In his own movement back to a religious Judaism, Podhoretz became increasingly appreciative of writers such as William F. Buckley Jr., Richard John Neuhaus, and other Christians and moderates who had retained a global sense of the evils of Communism and the opposite local dangers of a radical, immoralist, egotistical libertinism, especially “the antinomian propaganda Ginsberg had done as much as anyone else to spread.” Partly made repentant, like so many French leftists and aesthetes in the late ’70s, by the noble life and work of Solzhenitsyn, Podhoretz increasingly saw Mailer as pathological: his “hip” existentialist nihilism an excuse for gross hedonism, promiscuity, infidelity, violence (especially toward women), and ludicrous, feckless, histrionic posturing. Though he helped keep Mailer out of jail and a mental hospital after he had stabbed and dangerously wounded one of his six wives, he found Mailer’s transgressive behavior and writing — especially his “wild promiscuity, both in and between marriages,” and his lyrical, sadistic, macho praise of anal rape — increasingly revolting and destructive. Yet “the more outrageously Mailer behaved, the more admiration he brought upon himself from the spreading radical culture of the 1960s.”
And Podhoretz realized that Ginsberg and Mailer, with the active commercial collusion of Sixth Avenue, Madison Avenue, Hollywood, and the radicalized academy, were making good on Ginsberg’s 1958 threat to get at normal people “through [their] children.” The acids of the increasingly vulgar “rock” culture, with massive audio-visual means, eroded family and religious, scholastic, and patriotic affiliations and traditions. The intelligibility, credibility, and value of the American republic of Hamilton (himself a poor immigrant), Lincoln, the two Roosevelts, Truman, Eisenhower, and millions of immigrants were increasingly opaque and unavailable for transmission or imitation. The new, funky aesthetic of outrageous self-assertion had overshadowed, while assaulting and mocking, the old folk aesthetic that valued and depicted normal distinctions between good and evil, right and wrong, beauty and ugliness, worth and nihilism. The antinomian Brahmin Emerson had decisively triumphed over the ethically orthodox Hawthorne; the “barbaric yawp” of the bombastic braggart Whitman over the poetics and poetry of Emily Dickinson and Longfellow; slick, telegenic, amoral politicians over the sturdy Truman and Eisenhower. And Ginsberg and Mailer and their epigones were triumphing over the traditional high literature of the English language that had been so reverently valued by Trilling and Leavis at Columbia and Cambridge, along with what John Erskine, and Trilling following him, called “the moral obligation to be intelligent.”

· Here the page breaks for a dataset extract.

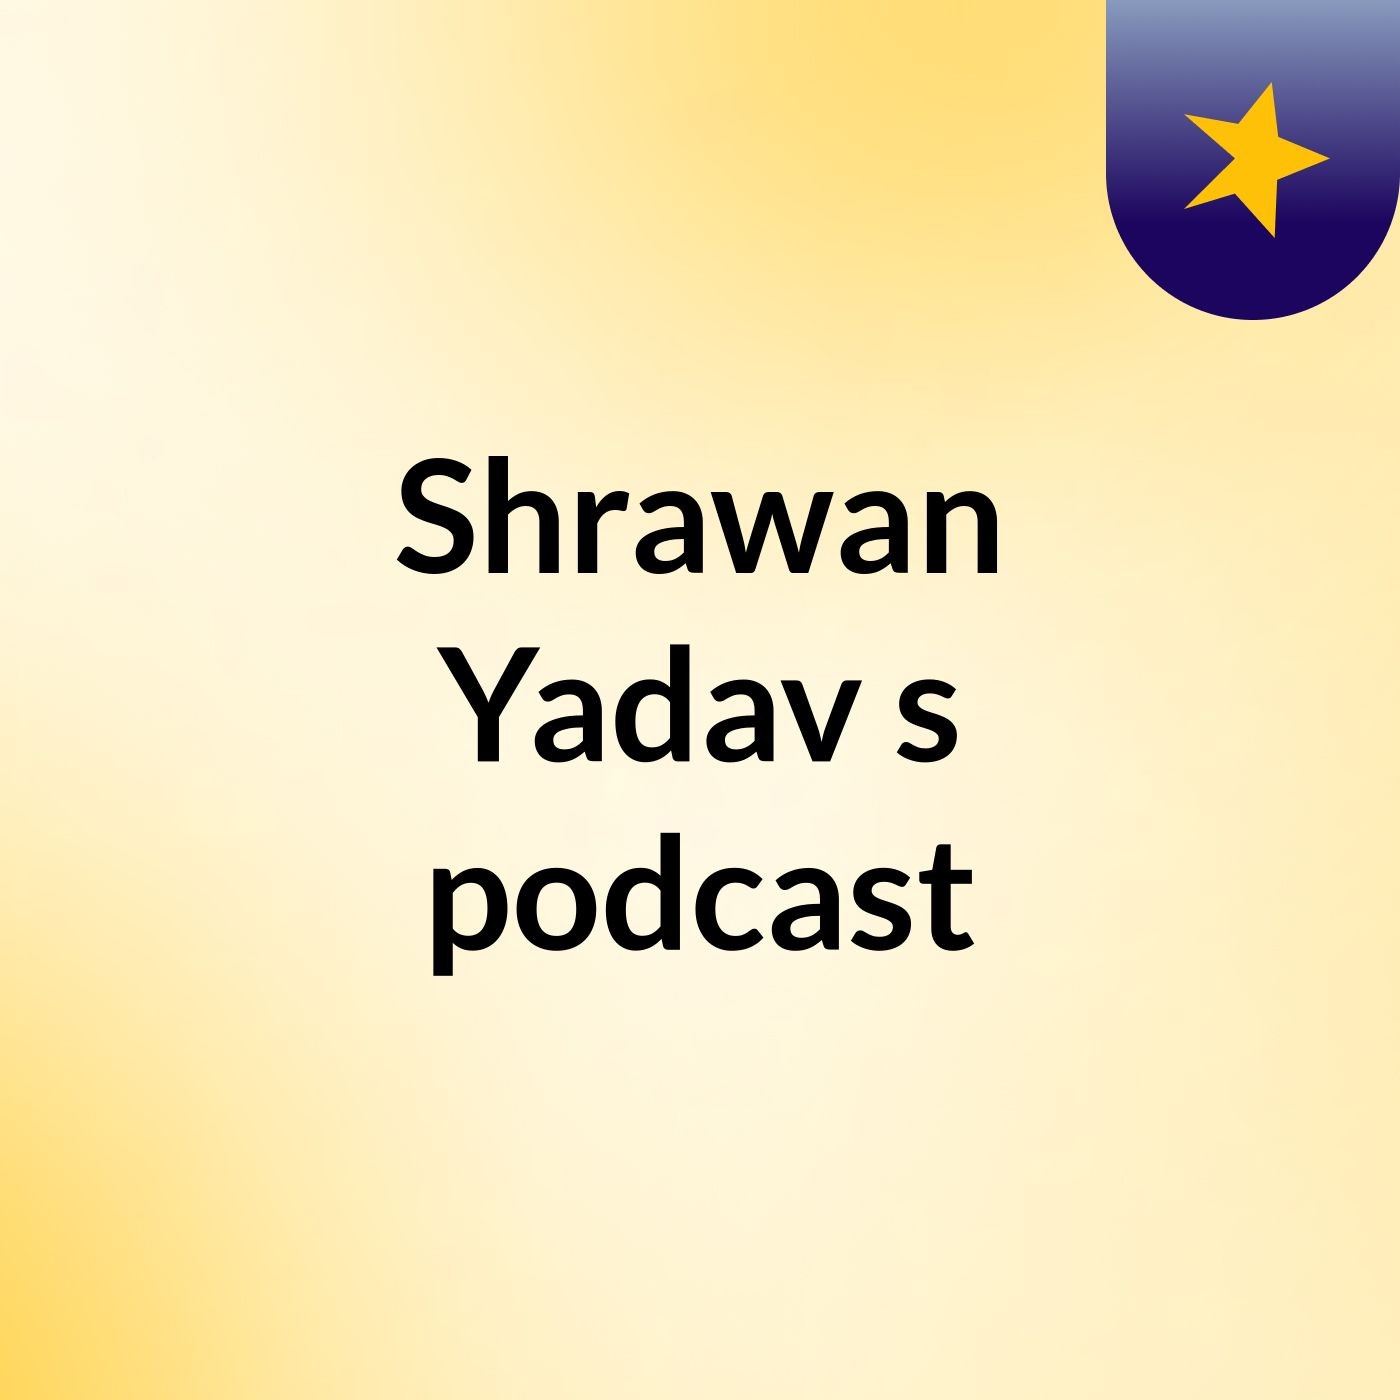 Shrawan Yadav's podcast

A great culture even in its desuetude retains the capacity for self-renewal from its “saving remnant,” as Matthew Arnold wisely put it, adapting an ancient Hebraic concept. Pasternak, Solzhenitsyn, the Mandelstams, and the other great dissident writers led such a renewal for Russia; Bernanos, Claudel, Mauriac, and Malraux in literature, Maritain, Gilson, and Raymond Aron in philosophy, and de Gaulle in politics for France; Silone in literature, Salvemini in history, and Sturzo and de Gasperi in politics for Italy; Czeslaw Milosz and Karol Wojtyla for Poland. In this kind of noble and enviable company Norman Podhoretz, like his contemporaries Saul Bellow and William F. Buckley Jr., has a well-deserved place.

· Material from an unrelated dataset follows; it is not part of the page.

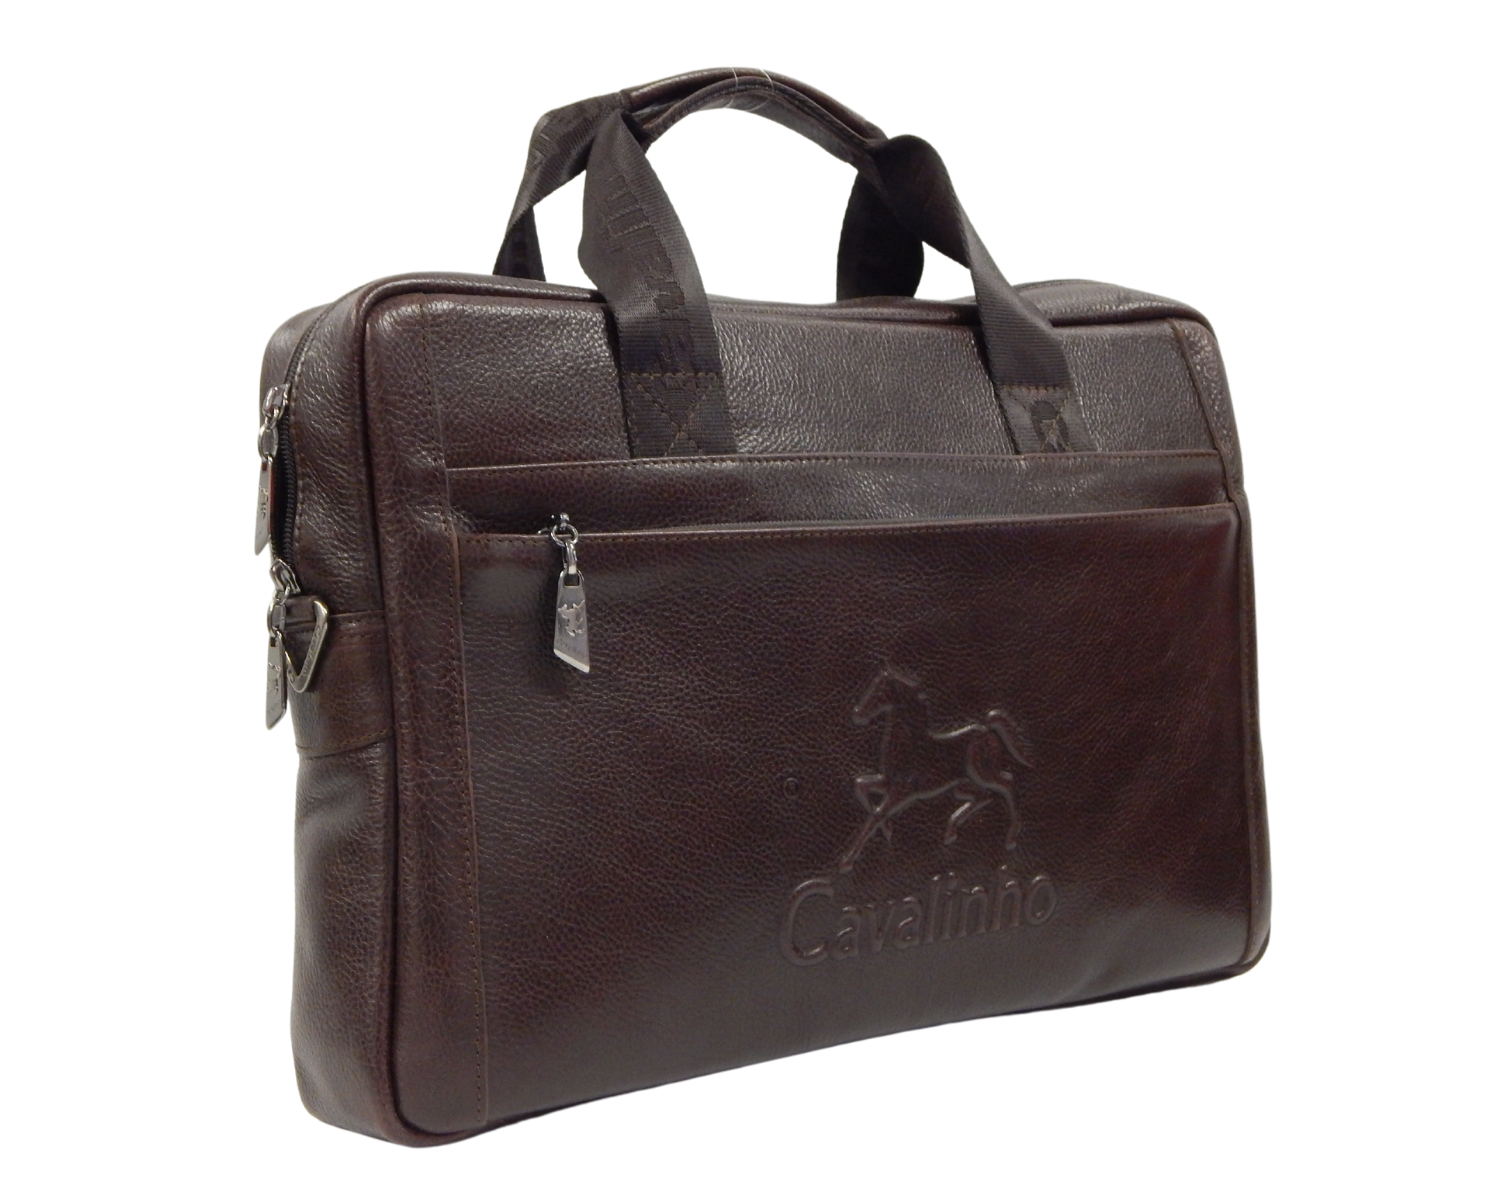 Cavalinho Leather Laptop Bag 17" - Brown - 18320257.02_P02

— M. D. Aeschliman is professor emeritus of education at Boston University and professor of Anglophone culture at the University of Italian Switzerland. His essay on Norman Mailer and Saul Bellow, “The Big Empty and a Silver Voice,” appeared in National Review, April 7, 2008. Ignatius Press recently published his new edition of Charles Dickens’s A Tale of Two Cities.